Gagates {"jet stone"} is a light shiny black stone, which - unique among the other stones - floats above water as they say. It is found in Lycia on the shores of the river Ganges. Dry it is almost somewhat luminous and very light; the best quality jet is the one that easily catches fire and has the smell of asphalt. It is good for medicinal purposes.


Simon has an almost identical text, cf. his entry Lapis gagates q.v., where more is said about its source.
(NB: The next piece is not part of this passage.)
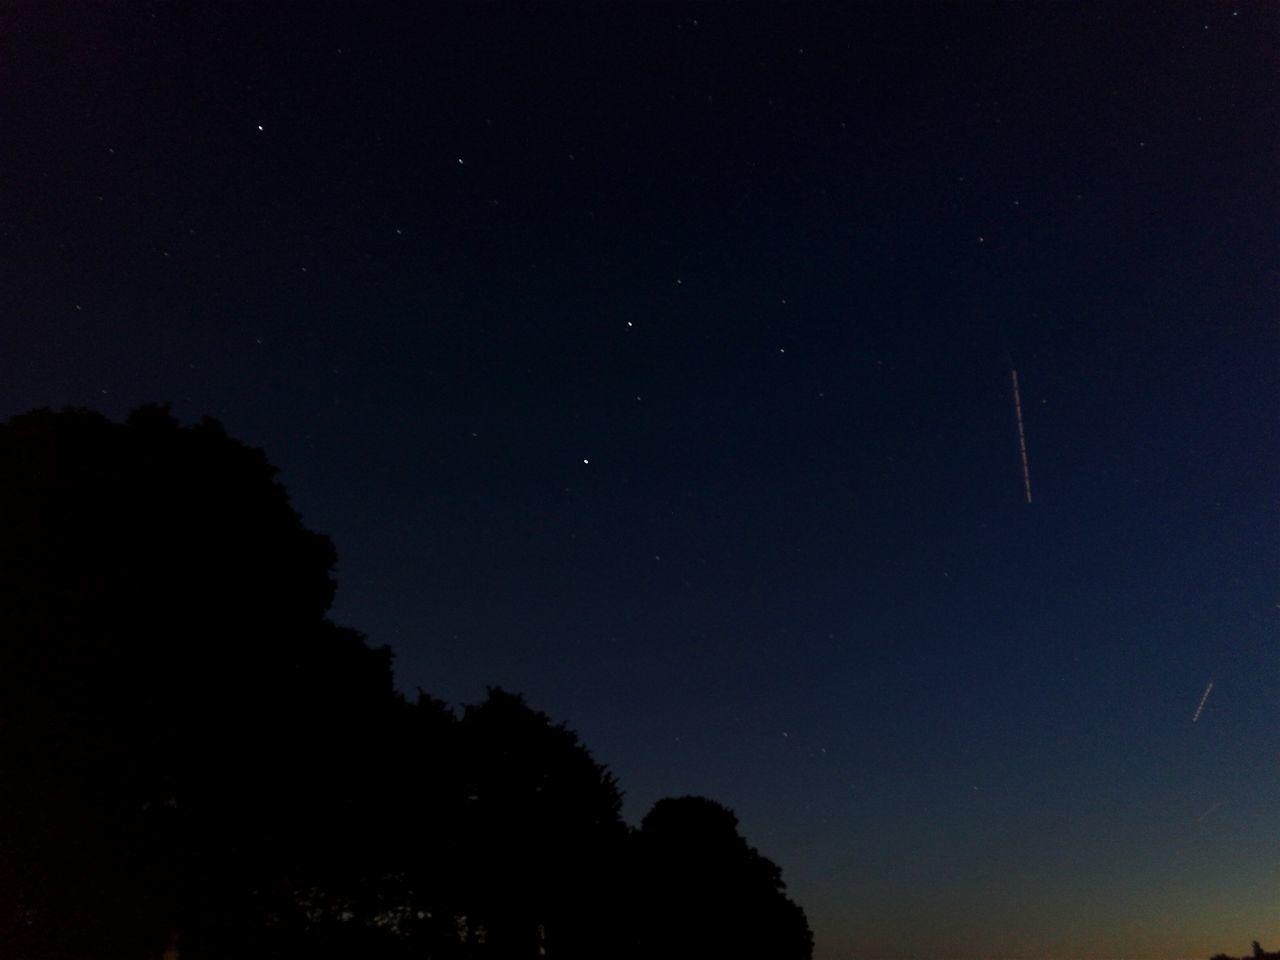 Astronomy Star - Space Night Space Nature Constellation Sky Constellation Nightphotography Night Sky Stars Clear Sky Beauty In Nature Nature Silhouette Tree HuaweiP9Photography HuaweiP9 Huaweiphotography Huawei P9 Leica

Latin Gagates lapis is calqued on Greek γαγάτης (λíθος) /gagátēs/ (/líthos/), Γαγάτης /Gagátēs/ being the adjective derived from the place/region Γάγας /Gágas/ or Γάγαι /Gágai/.

Both Pliny and Dioscorides describe gagates in very similar terms having drawn from the same source. Pliny, 36, 34, 141, ed. Rackham (1938-63: X.112, 114), has gagates derived from the river Gages in Lycia (Gagates lapis nomen habet loci et amnis Gagis Lyciae), whereas the Greek Dioscorides, 5, 128, ed. Wellmann (1906-14: III.95-6) calls the place of origin Γάγαι /Gágai/.

The Longobardic Dioscorides translation is somewhat different 5, 131, ed. Stadler (1902: 238) De lapide gagaten {"On the jet stone"}, saying: In sicilia invenitur in flumine aliquo, qui se miscet mari, sed ubi lapis ipse invenitur, gagas appellatur, inde nomen accepit – "In Sicily it is found in a certain river, which flows into the sea, but the place where the stone itself is found is called Gagas, from where the stone takes its name."

The name of the river and town/region was very early on confused with Γάγγης /Gángēs/, the river Ganges, which explains the forms in Simon's witnesses.